ПРИ ТАКОЙ-ТО ЦЕНЕ — ТАКИЕ РЕЗУЛЬТАТЫ?!
Жуткий триптих. Возмездие?
С конца мая 1921-го у Ленина резко ухудшается здоровье. В 1922-м — удар за ударом. Начинает гаснуть интеллект. Приходится заново учиться читать, писать, решать элементарные арифметические задачи. 30 мая в течение 5 часов он не может помножить 7 на 12… Но что задумывает и что решает он во время все более редких и коротких промежутков просветления (кто поручится, что не в бреду или в полубреду)? Именно, именно: все то же самое — задание ЧК выслеживать, отлавливать и высылать философов и ученых. Это ведь все как раз 22-й год.
6 марта 1923-го — новый сильнейший удар, и как следствие — «сенсорная афазия» (неспособность понимать обращенную к нему речь). Но ведь этой «сенсорной афазии» предшествовала другая, может, и врожденная, тоже бешеная по-своему (соратники называли это — «глухое ухо» Ленина): неспособность, нежелание понимать никаких своих оппонентов; неспособность понимать (и слушать) ничего, что идет против его взглядов…
Дальше — того хуже: полная потеря речи. Но вот, с 20 июля, небольшое улучшение (однако речь так уже больше и не вернулась). Ему прочитывают заголовки газет.
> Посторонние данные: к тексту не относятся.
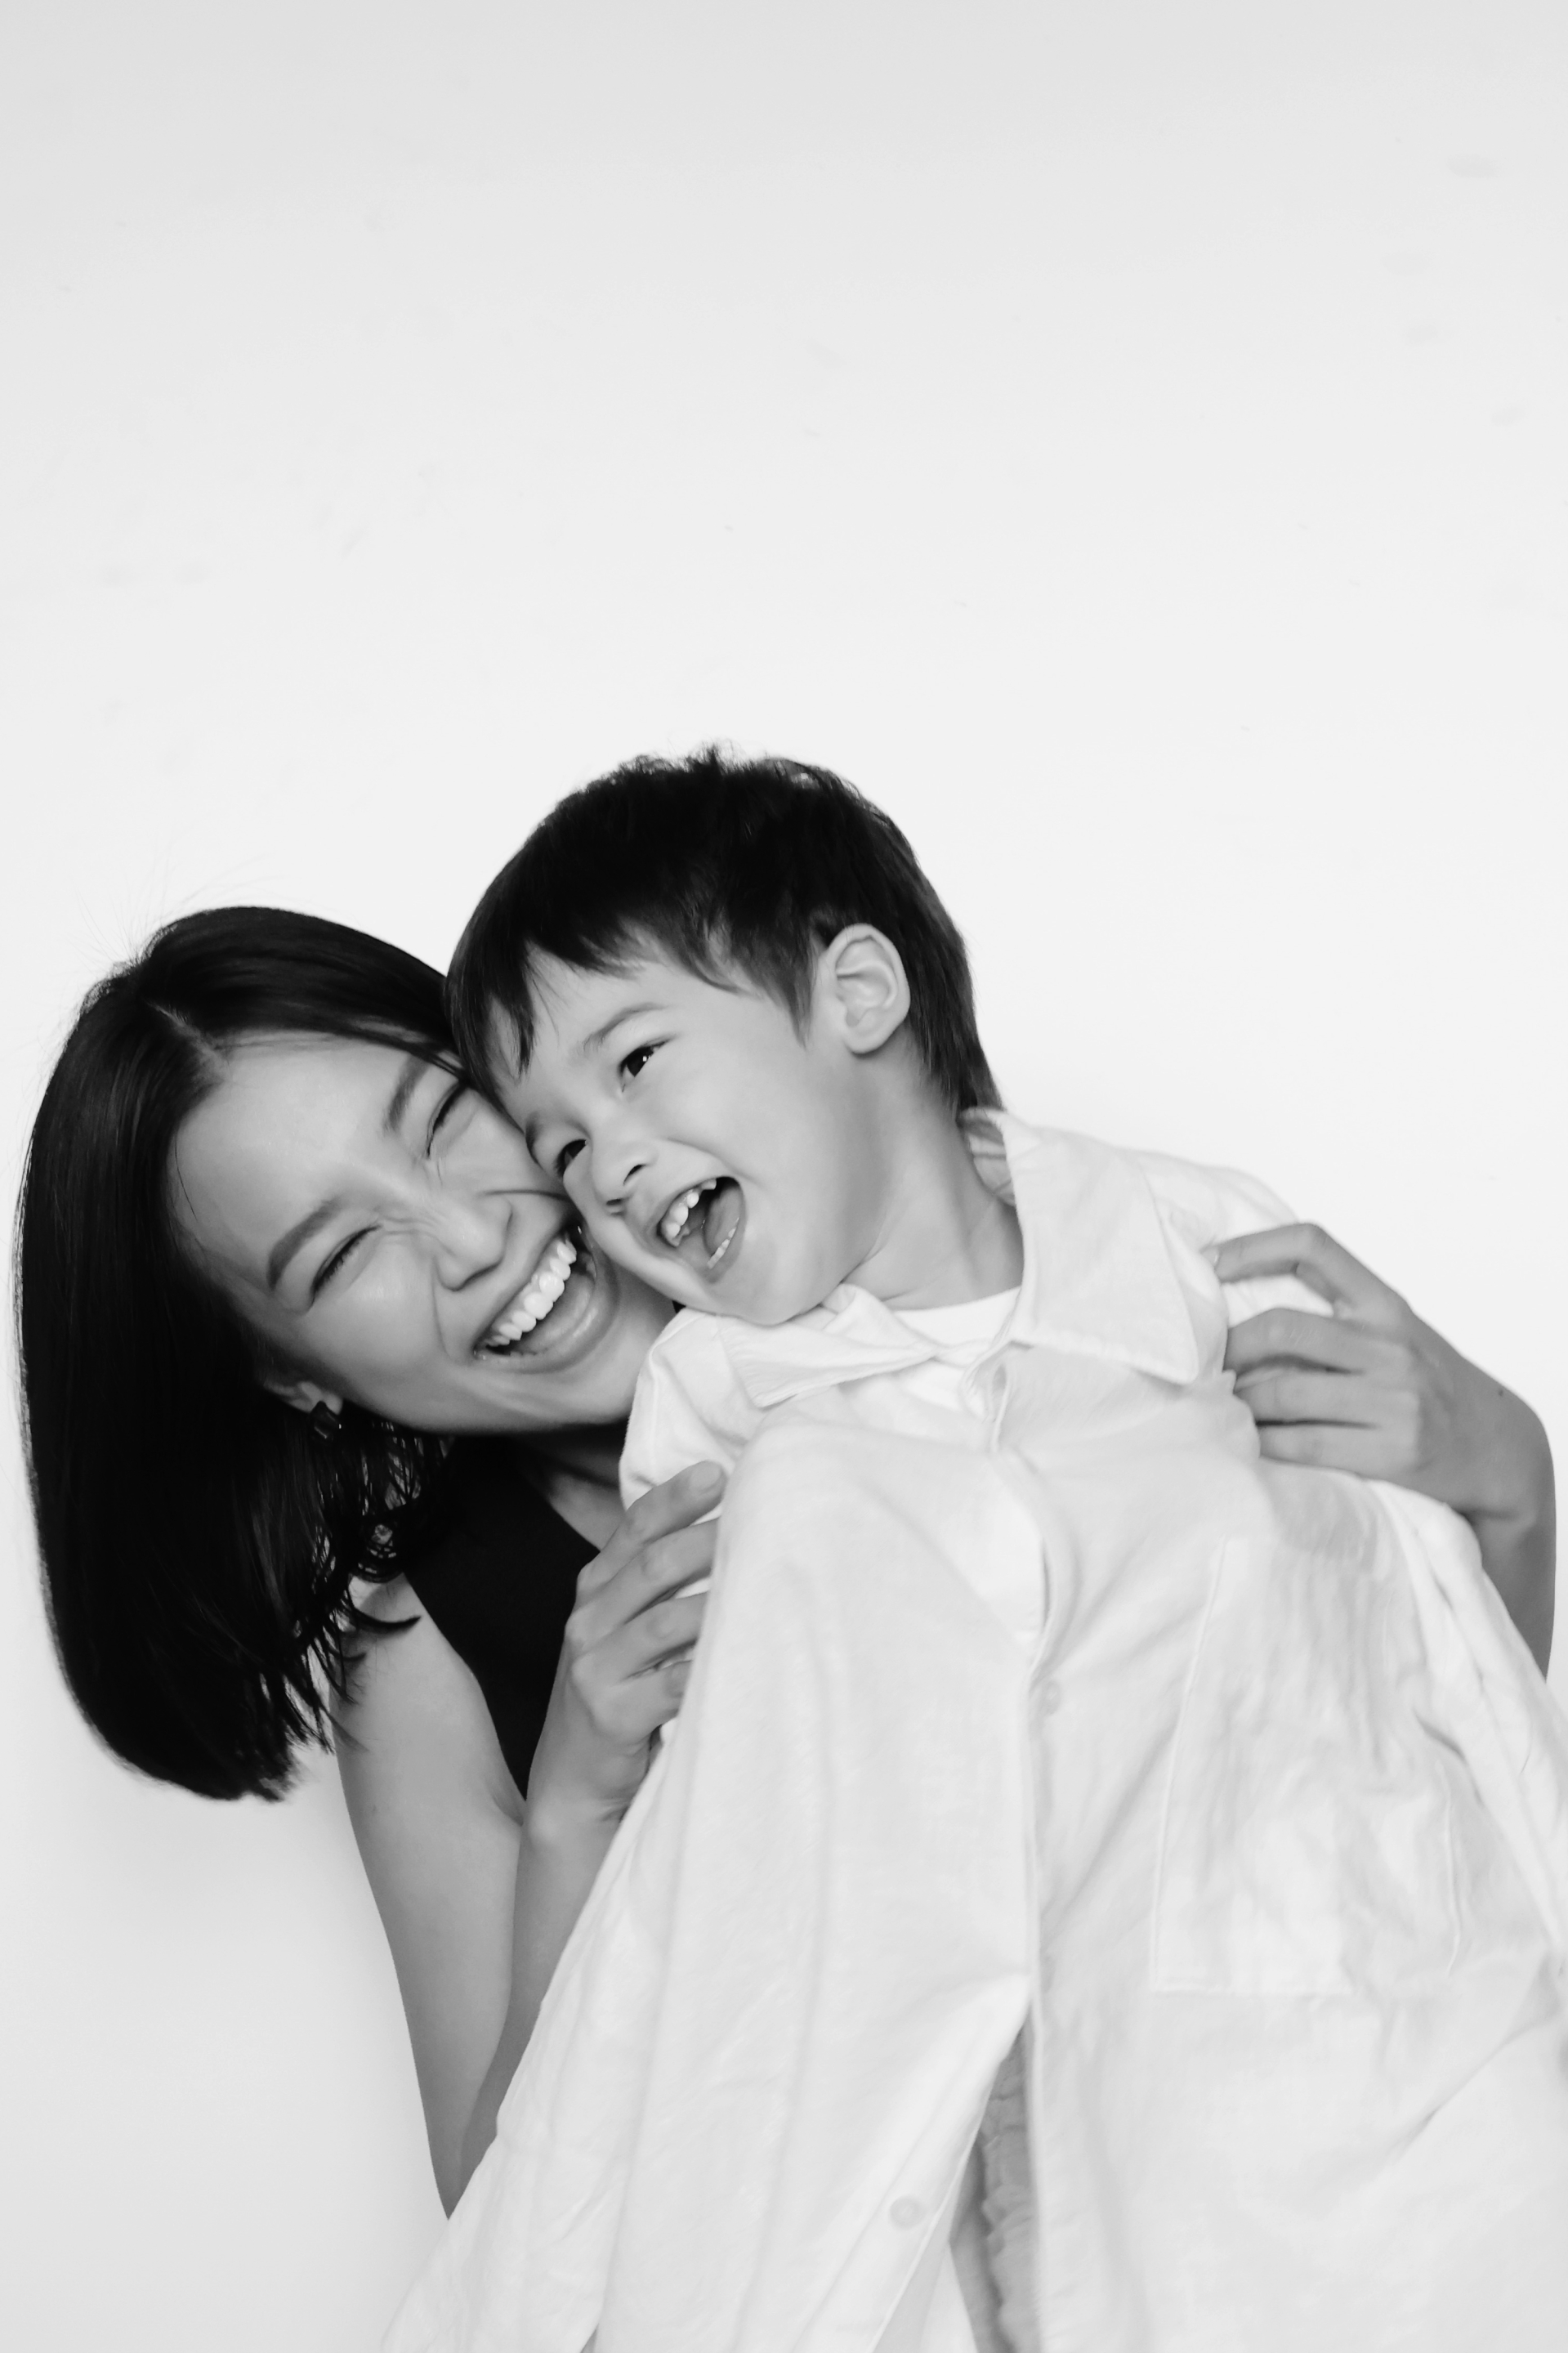 Hoàng Oanh hạnh phúc bên con trai Max - ảnh 2

Он выбирает, что ему читать вслух. Но что именно? К примеру, по поводу того, что на Украине у богатых мужиков отбирают излишки хлеба. Владимир Ильич «выразил большое неудовольствие, что это не было сделано до сих пор» (про НЭП уже забыл.)… Перед нами едва ли не последнее осмысленное или полуосмысленное выражение своих неискоренимых идей, уже без слов, а только мимикой.
Можно все объяснить болезнью, бредом. Но ведь ясно прослеживается какая-то неумолимая логика, логика самой этой болезни: каждое просветление оборачивается новым помрачением, новым ужесточением. Как говорил Порфирий Петрович Раскольникову, тому Раскольникову, чье покаяние было особенно омерзительно Ленину: «…все это так-с, да зачем же, батюшка, в болезни-то да в бреду все такие именно грезы мерещатся, а не прочие? Могли ведь быть и прочие-с? Так ли?». Боюсь, что не так. 7 на 12 помножить не в силах. Не может ни говорить, ни писать, ни читать, ни понимать. Но распоряжаться судьбами миллионов людей, судьбами страны, народа может и всегда считает себя обязанным распоряжаться, распоряжаться абсолютно безоговорочно, все жесточе и беспрекословнее.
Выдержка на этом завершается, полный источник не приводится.